According to notes on the project repository, Microsoft has revamped its MMLSpark open-source project to improve the integration of “many deep learning and data science tools into the Spark ecosystem.” First published last year, MMLSpark covers a series of projects intended to make Spark more useful in many contexts involving machine learning in particular, but also in other more general areas.

Some features of MMLSpark integrate Spark with Microsoft’s machine learning offerings like Cognitive Toolkit (CNTK) and LightGBM, as well as third-party projects like OpenCV. Other functions make it possible to turn Spark into a service or a client – ​​for example, to more easily serve Spark calculations (including machine learning predictions) via the web, or allow Spark to interact with other services Web over HTTP. Another function called “LIME on Spark” provides annotated results for predictions served by an image classifier. This solution lets you know at a glance if the classifier is working correctly.
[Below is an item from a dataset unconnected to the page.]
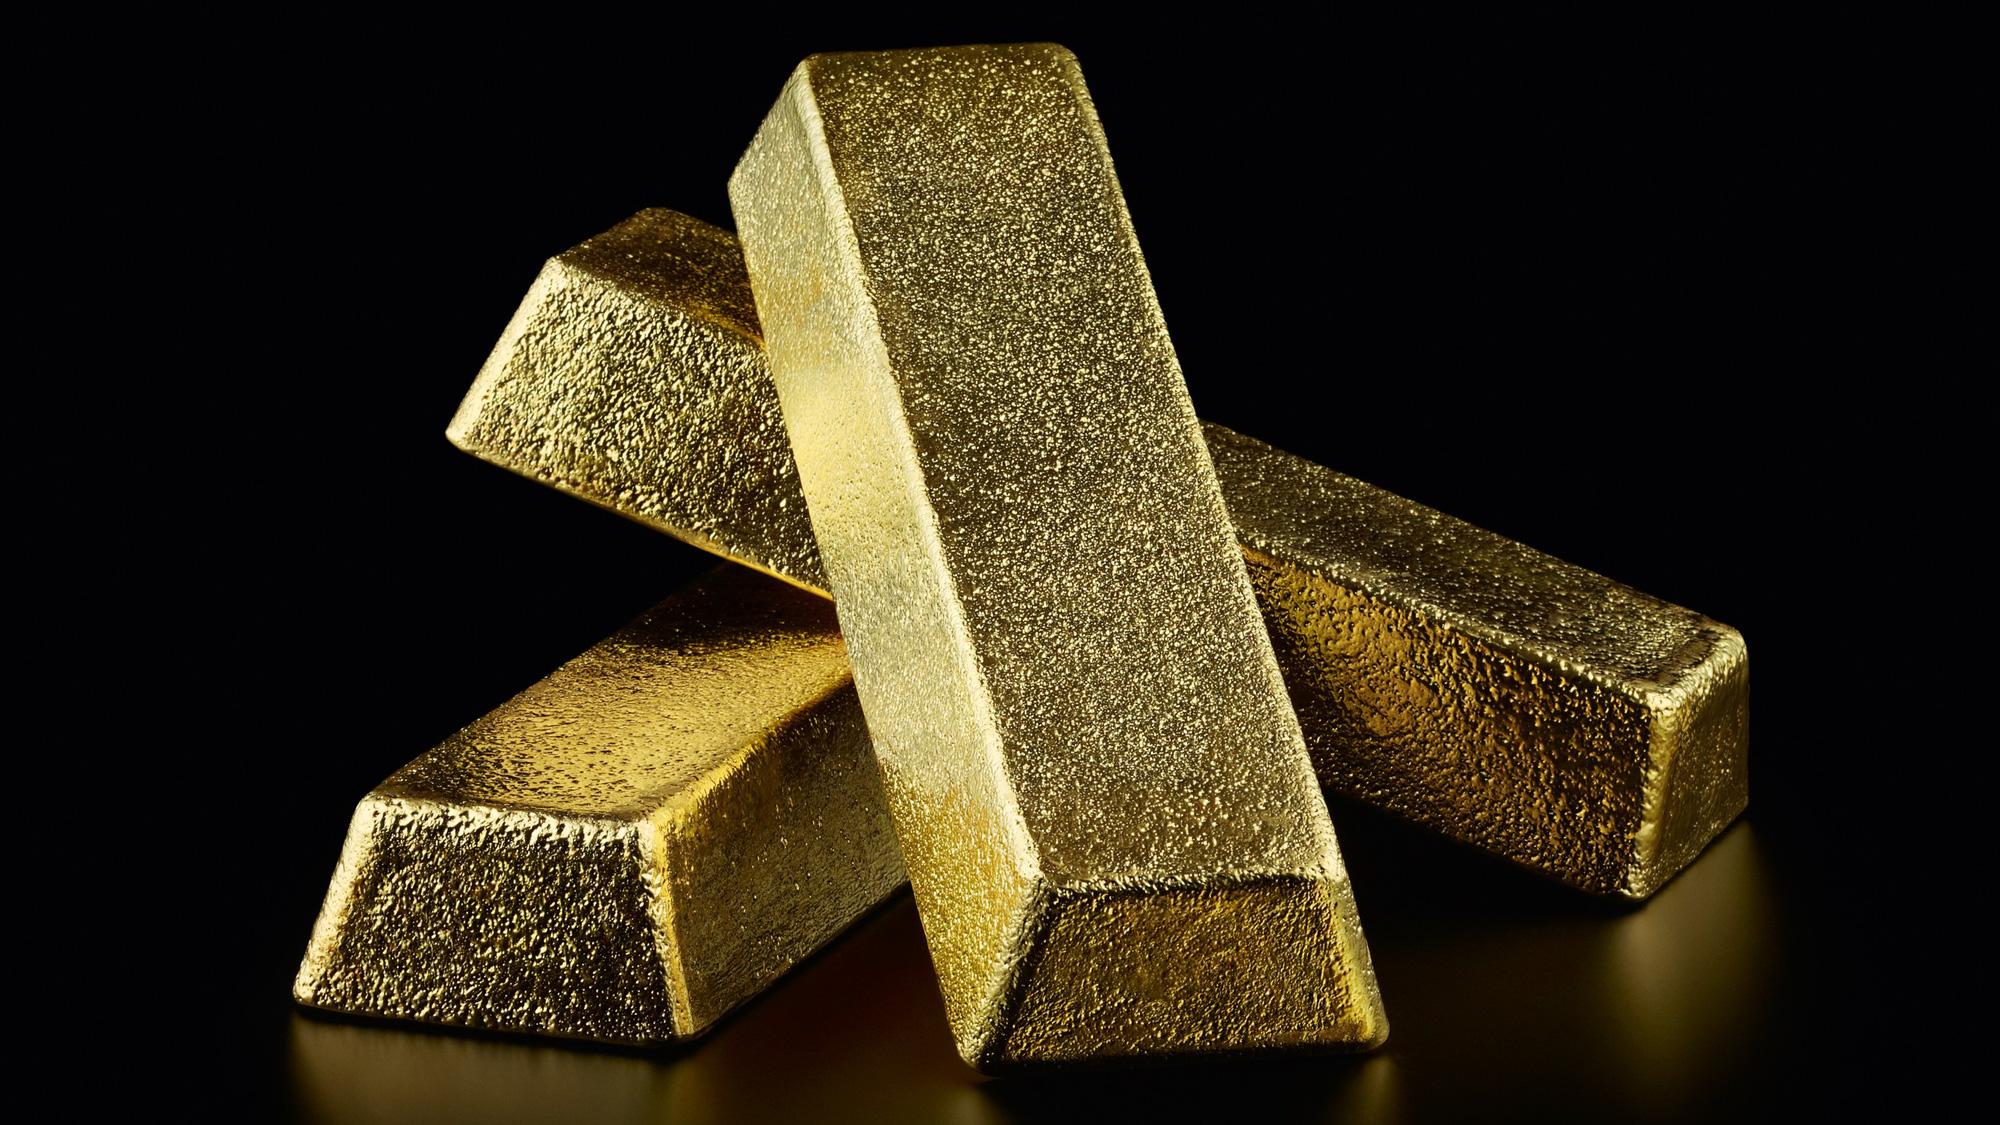 Giá vàng hôm nay 24/6: Vàng miếng SJC điều chỉnh 50.000 đồng/lượng - Ảnh 2.
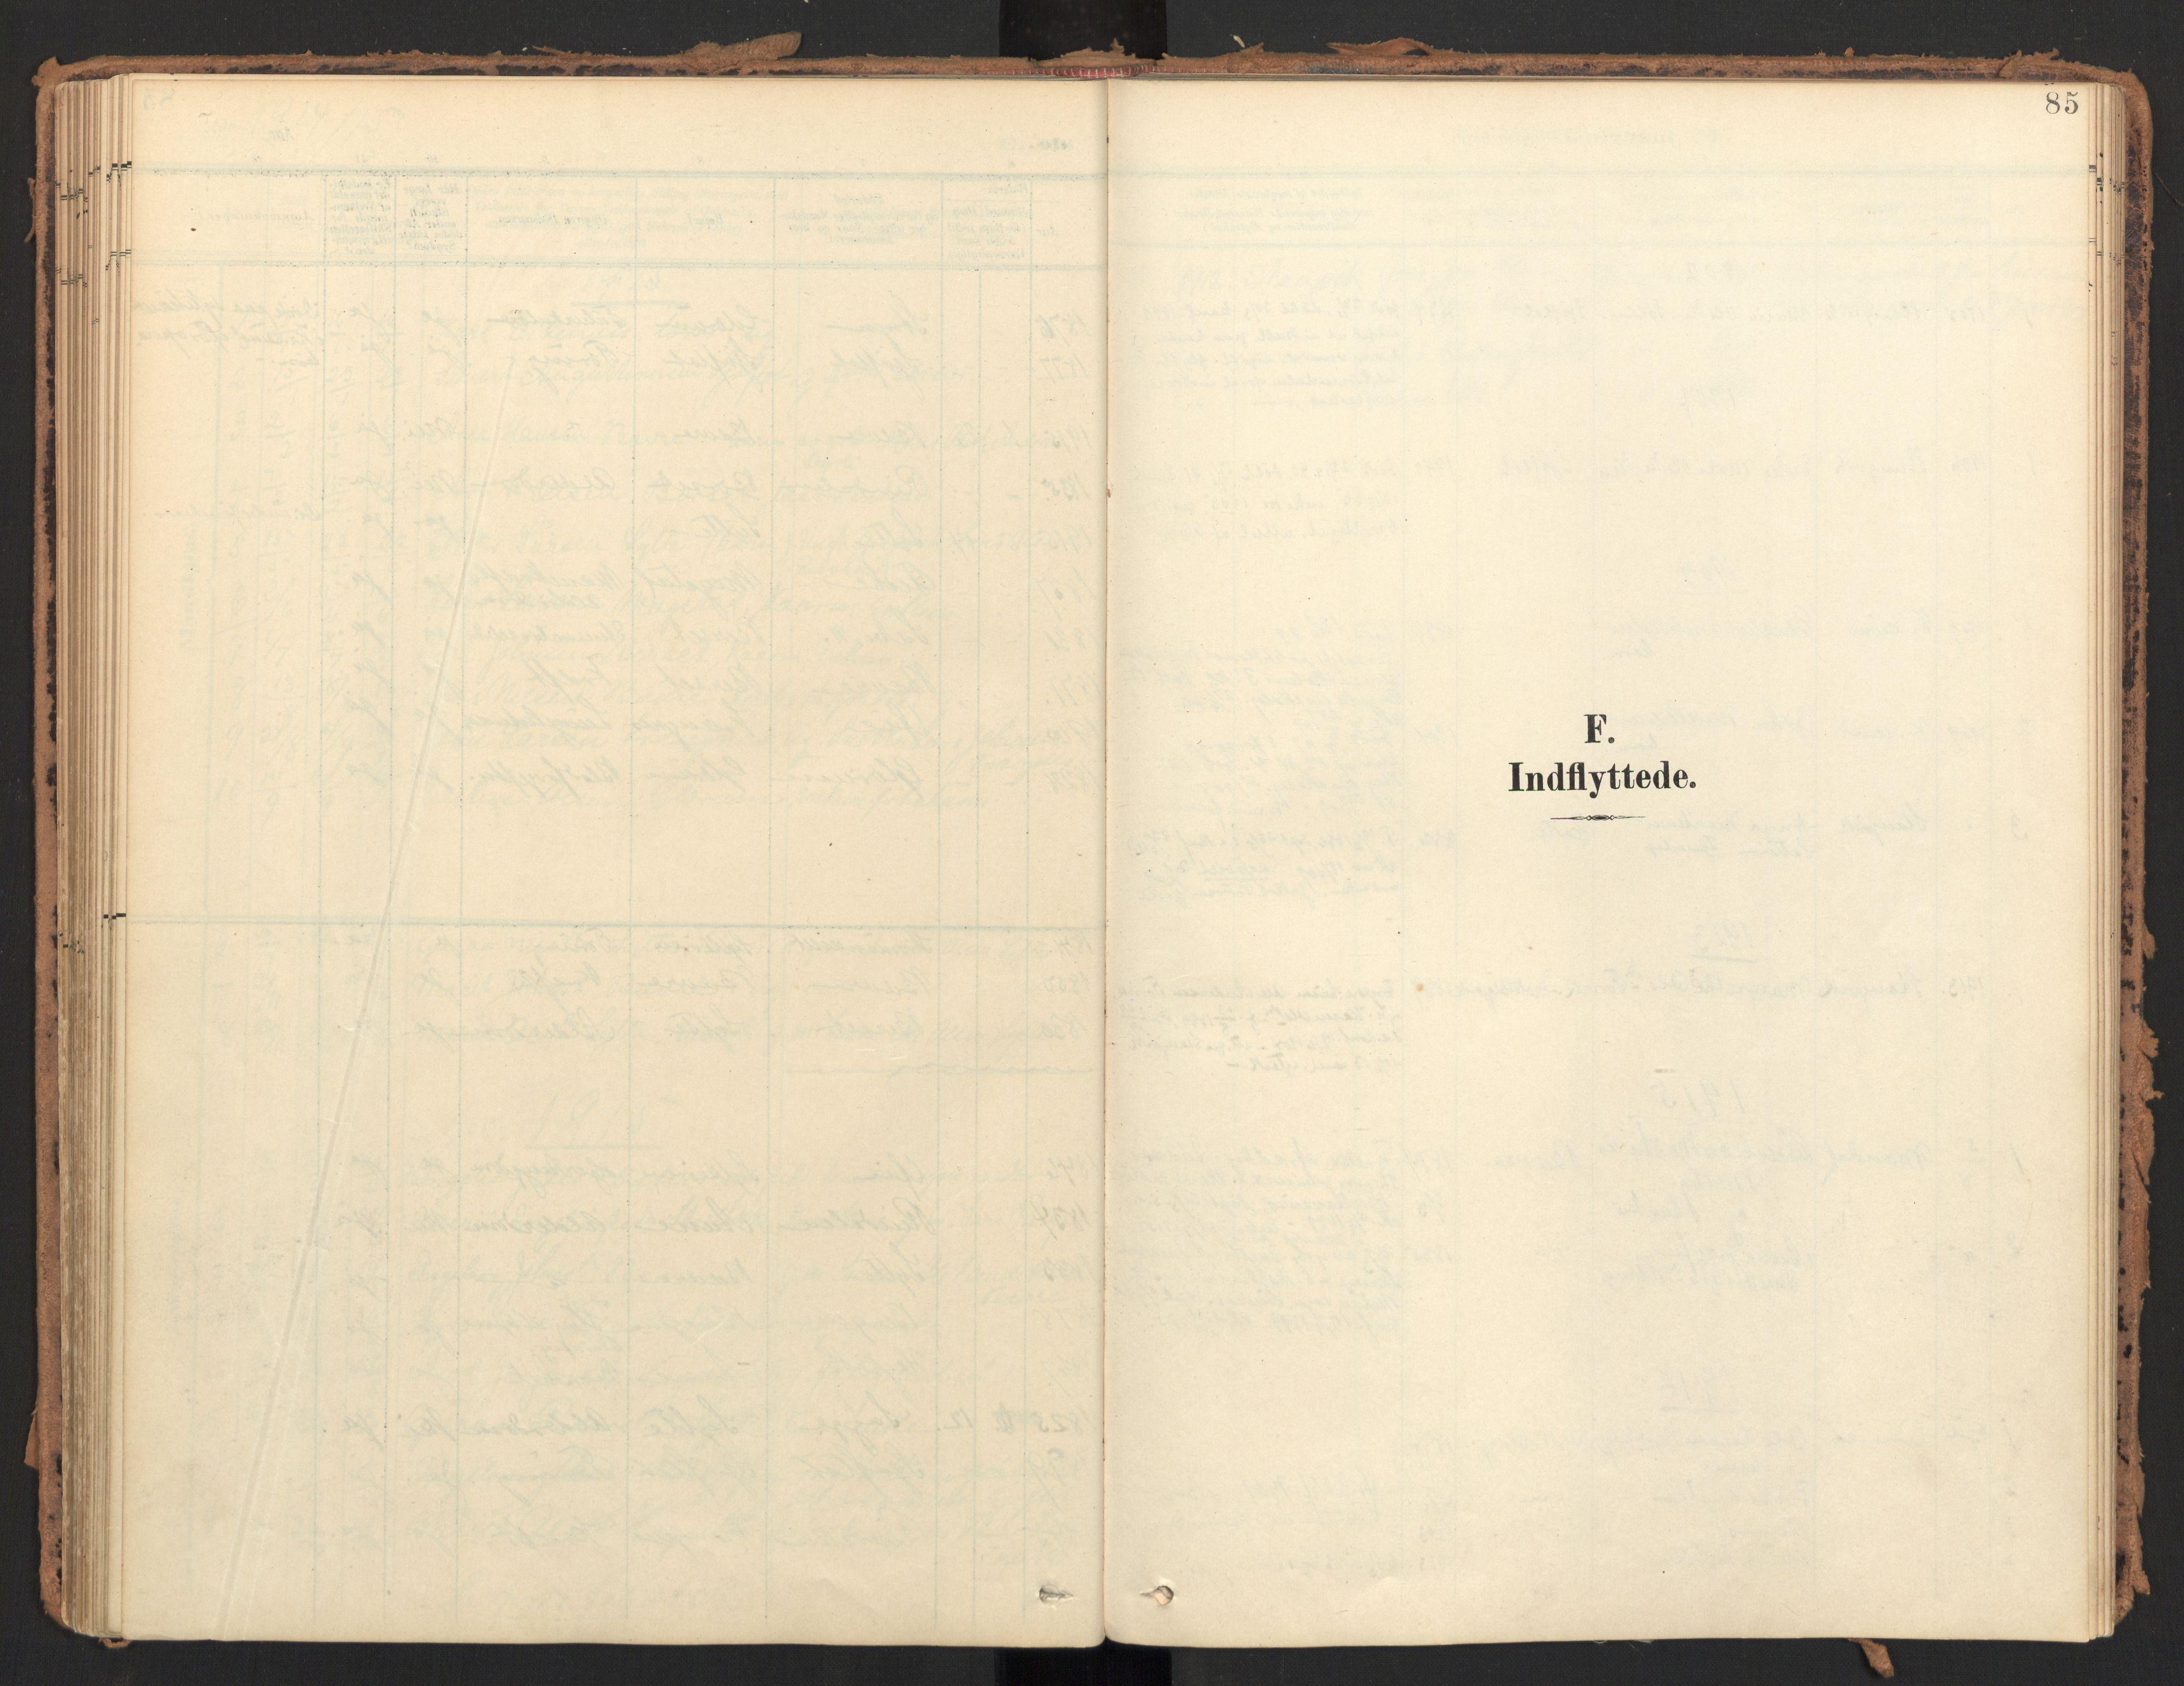 SAT, Ministerialprotokoller, klokkerbøker og fødselsregistre - Møre og Romsdal, 595/L1048: Ministerialbok nr. 595A10, 1900-1917, s. 85

To be placed on Azure Databricks

MMLSpark consolidates all these functions into a set of APIs available for Scala and Python. The repo also contains a few examples to help get you started, including using web services in Spark, using OpenCV on Spark for image manipulation, and training an image classifier. in depth on Azure VMs running with GPUs.

MMLSpark itself can be installed on existing Spark clusters as packages. It is also possible to use it in the Databricks cloud (or a Databricks appliance on Azure), or install it directly in a Python or Anaconda instance, or even run it in a Docker container. The integration is also available for the R language, but for now only through an auto-generated wrapper in beta.